Unlike tech, you will not have a giant windfall with real estate; but also unlike tech, it's very easy to price your product, find customers, and figure out what your cashflow will be for years to come.
There are easier ways to live rent-free, unless, as I say, you have the personal skills to ride herd on grown children or if you are lucky enough to own your property in an area where normal people rent, and you can find good tenants on a regular basis.
I suggest rephrasing to
>Unlike most occupations, landlording may bring you into...

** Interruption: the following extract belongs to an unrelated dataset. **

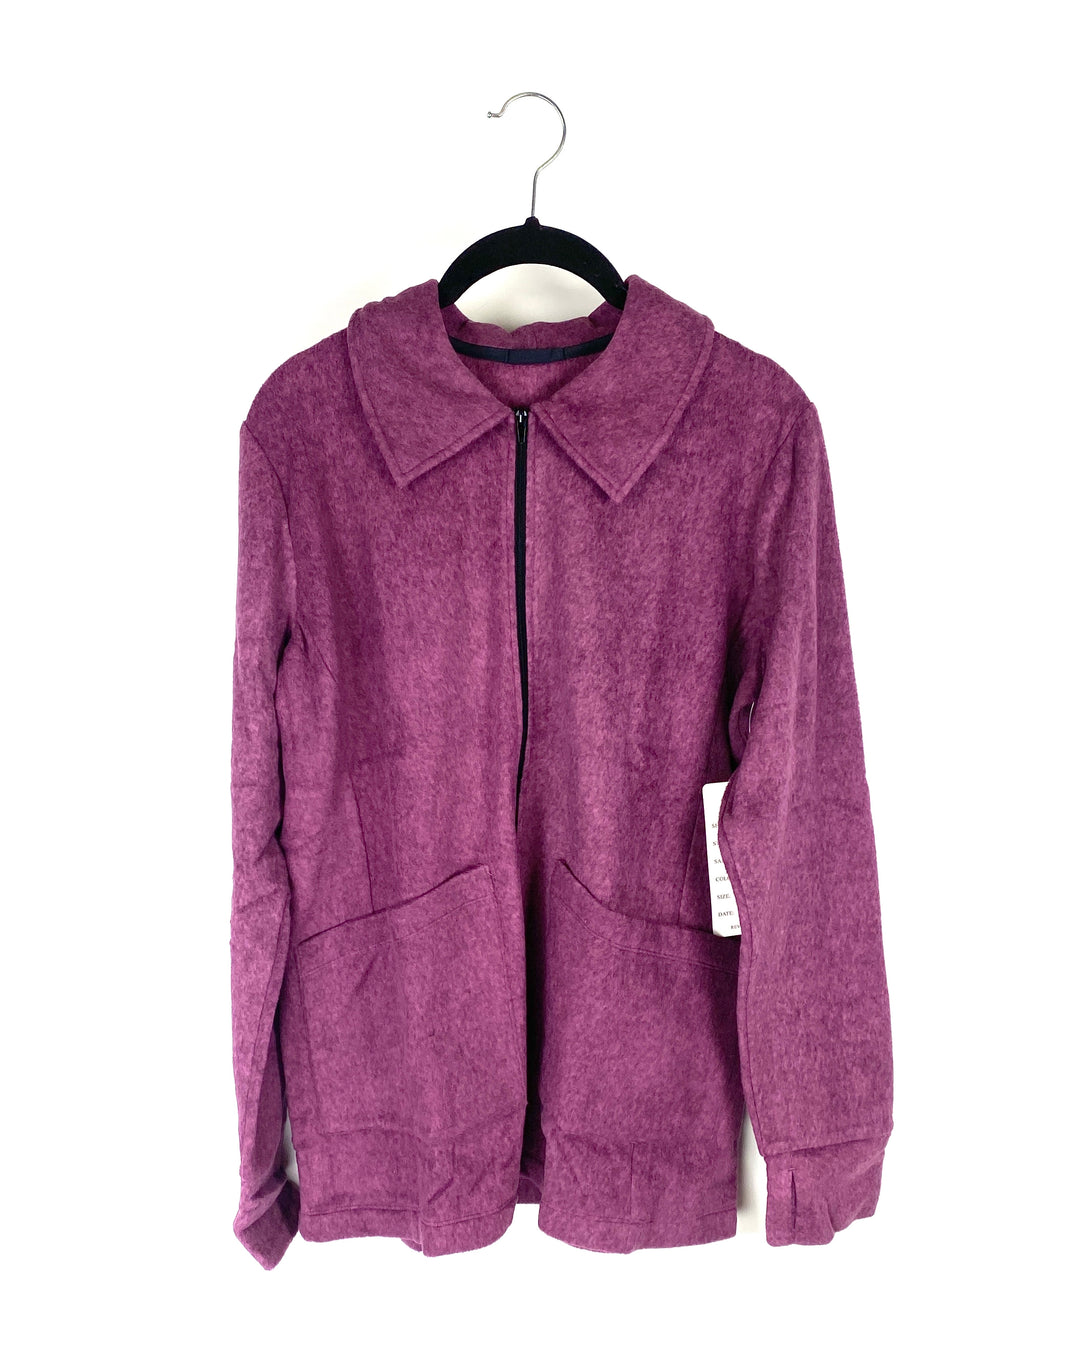 Heathered Purple Jacket - Small
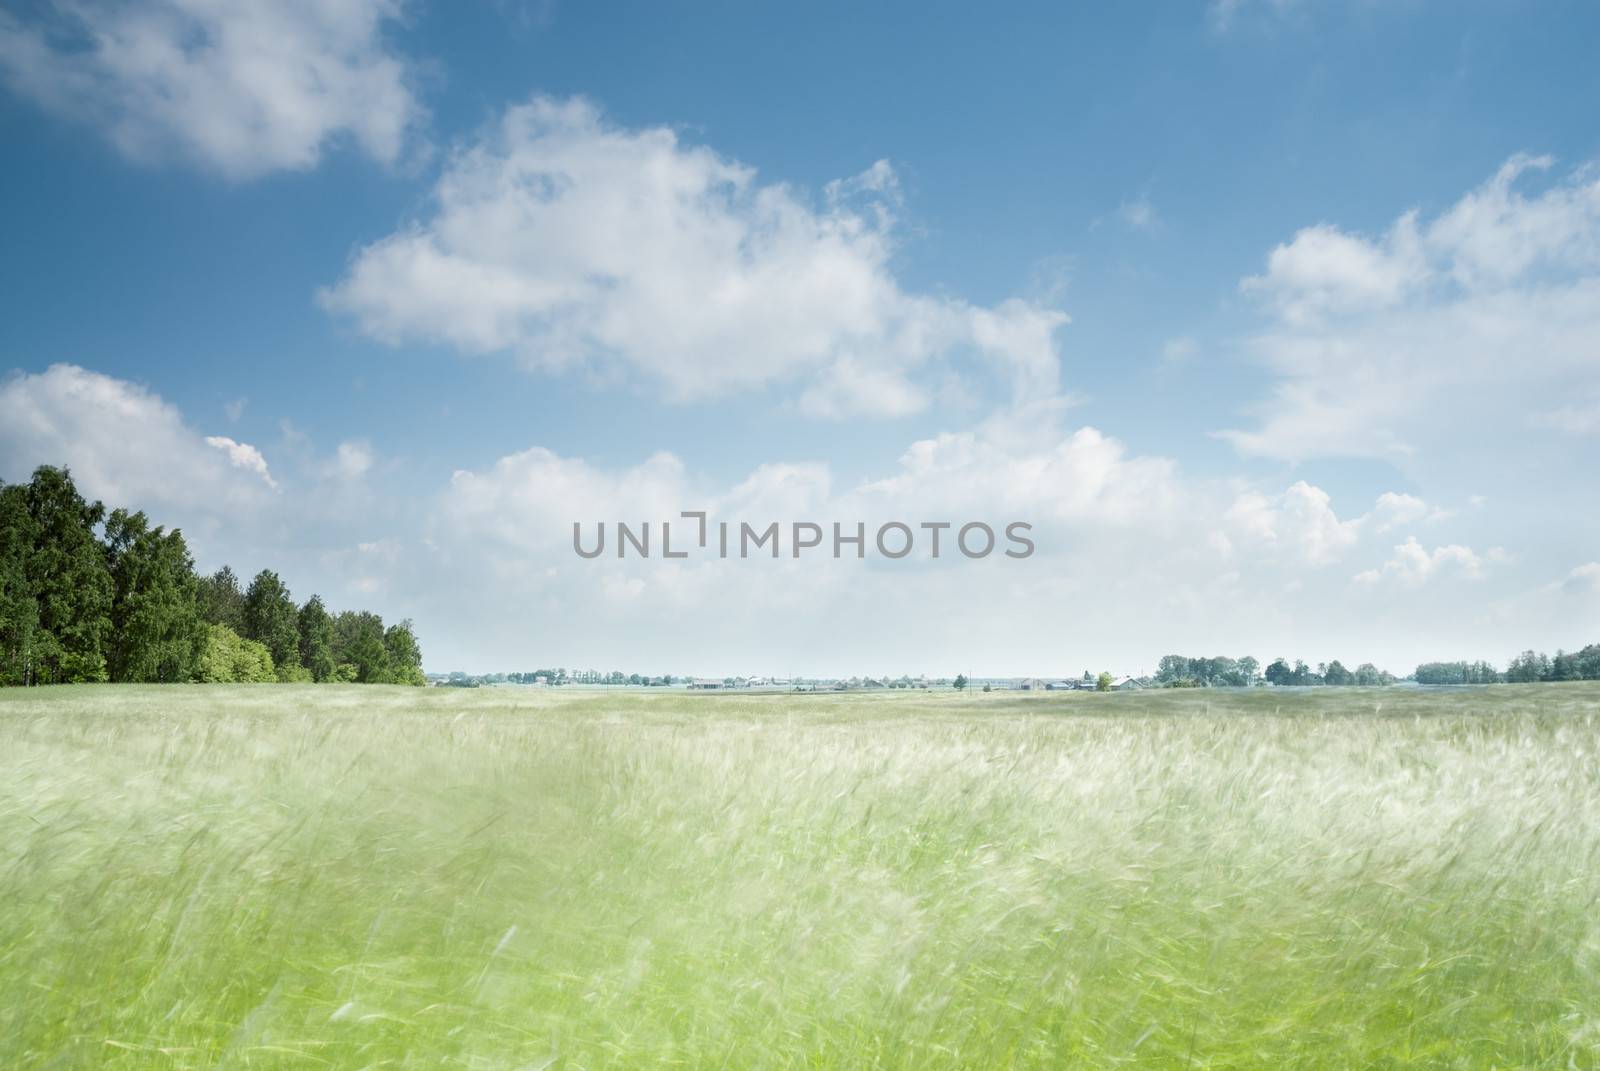 Motion blur in field. Rural landscape, Poland.

I've had a rental property now for many years. It's in an evolving, urban Boston neighborhood and the property generates ~$1000 more than the mortgage, taxes and insurance per month. I have 5 tenants who are all recent college grads. My agent did credit checks on all of the original tenants and many new ones have cycled through over the years. Aside from replacing a couple of appliances (which consisted of ordering them online and coordinating delivery with a tenant) I've had zero issues. In fact, the last 3 years, I've given each tenant $100 off of December's rent to let them know I like having them as tenants. I have about $80,000 out of pocket invested so without even considering the equity I'm building in the house, I'm getting around a 15% rate of return (granted at a higher tax rate that a capital gains...)
My parents have a small, older rental house that they charge less than market rate for, as they have never increased the rent for the current tenant who has lived there for several years. They have had renters trash the place before, and they know getting a little less from a good renter is a preferred scenario.
I actually had a year and a half with zero income from a house. None.
2. Do a thorough background check. (Wait for a quality tenant.)
3. Make repairs asap.
4. Be firm, fair and friendly.
These things can eliminate 80% of the problems landlords have.
No, I don't have citations, but I have been a landlord and know many others who are/have.
A stock index fund. :-) Usually much less yield for your money, though.